Ben fotoğrafa herkes gibi bakmam, her milimetre karesinde kimsenin fark etmediği bir şey vardır gözü ile bakar, bulur, mutlu olurum.
Ama haberi destekleyen, tamamlayan görüntünün tam olması için ve sizlerin de görmesi için fotoğrafı biraz kırpmak gerekiyordu, kırptım.
Halef selef olmak, TDK’ya göre Birinin ötekinin makamını alması, görev değişimi demektir.
Öküz altında buzağı aramak 70’lerde, 80’lerde kaldı, yani aradığım bir şey yok aslında.
Günümüzde insanlar her an her alanda, her mevzuda, hele de habercilikte, bir de tarafgir ise karşı arafın vay haline: Öküz altında buzağı arar, fil bulur deve çıkartırlar.
Benim gibi Bab-ı Ali artığı bir kaç kişi var hala çok şükür, öküz, buzağı, dana, fil, deve ile işi olmayan…
Genelde gidenler adlarını gönüllere yazdırmamışlarsa, suretlerini yüreklere nakşetmemişlerse gidişlerinin kırıkı dolmadan ne adları hatırlanır ne yüz hatları…
İşte gereği düşünülen fotoğrafın orjinali:
Sayın Dr. Ömer Özgül beyefendi, Hollanda’ya hoş geldiniz. Sağlıklı başarılı hizmetler dilerim. Ben haberimde / yorumumda düşünülmekte demiyor, adınızdan söz ettirecek işler yapacağınıza inanıyorum. ( Sedat ne demek istedi düşünülmekte derken tam da anlamış değilim )
Saygıdeğer Ömer bey, muhterem büyükleriniz mutlaka Hz. Ömer’in hayatına, kişiliğine, adaletine saygıdan sevgiden, hürmetten dolayı size Ömer adını vermiştir. Çok ağırdır bu ismi taşımak ama ben taşıyacağınıza inanıyorum.

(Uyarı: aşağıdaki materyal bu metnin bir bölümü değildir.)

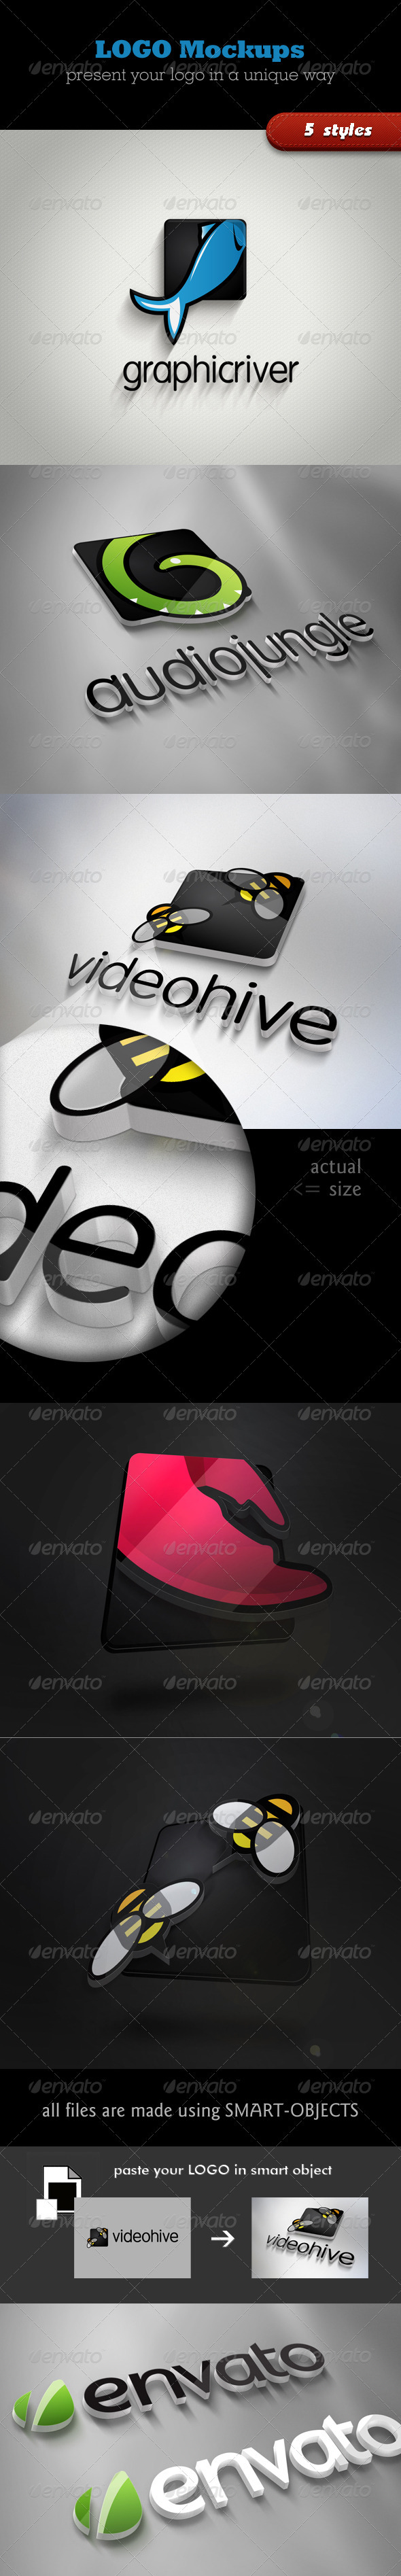 Download Graphicriver | 3D Logo Mockups Free Download

Rotterdam İslam Üniversitesi kurucu rektörü Prof. Ahmet Akgündüz’e sormuşlar, demiş ki, “ Allah için söylemem gerekiyorsa beni çok eleştirdiği de oldu, Üniversite kurulurken desteği de. Fakat ben Yavuz’u Ömer’e benzetirim, 40’ından öncesi ve sonrası”
Geçtiğimiz yıl iftar yemeğinde dedim ki, “ Hocam, hakkımda söylediklerinizle siz benim omuzlarıma nasıl bir yük yüklediğinizin farkında mısınız., ben bu yükü, nasıl taşıyacağım”
Yazılarımı yazarken hep o yükün ağırlığını hissederek yazarım, böyle biline…
Yavuz Nufel-Nhaber.nl
Prof.Ahmet Gunduz beye Ben bu yuku nasil tasiyacagim diye sorman bile bu yuku tasidiginin tescili demektir. Yazmasam olmaz yahut ben soylemistim demek ne bileyim bence daha guzel gibi selamlar basarilar.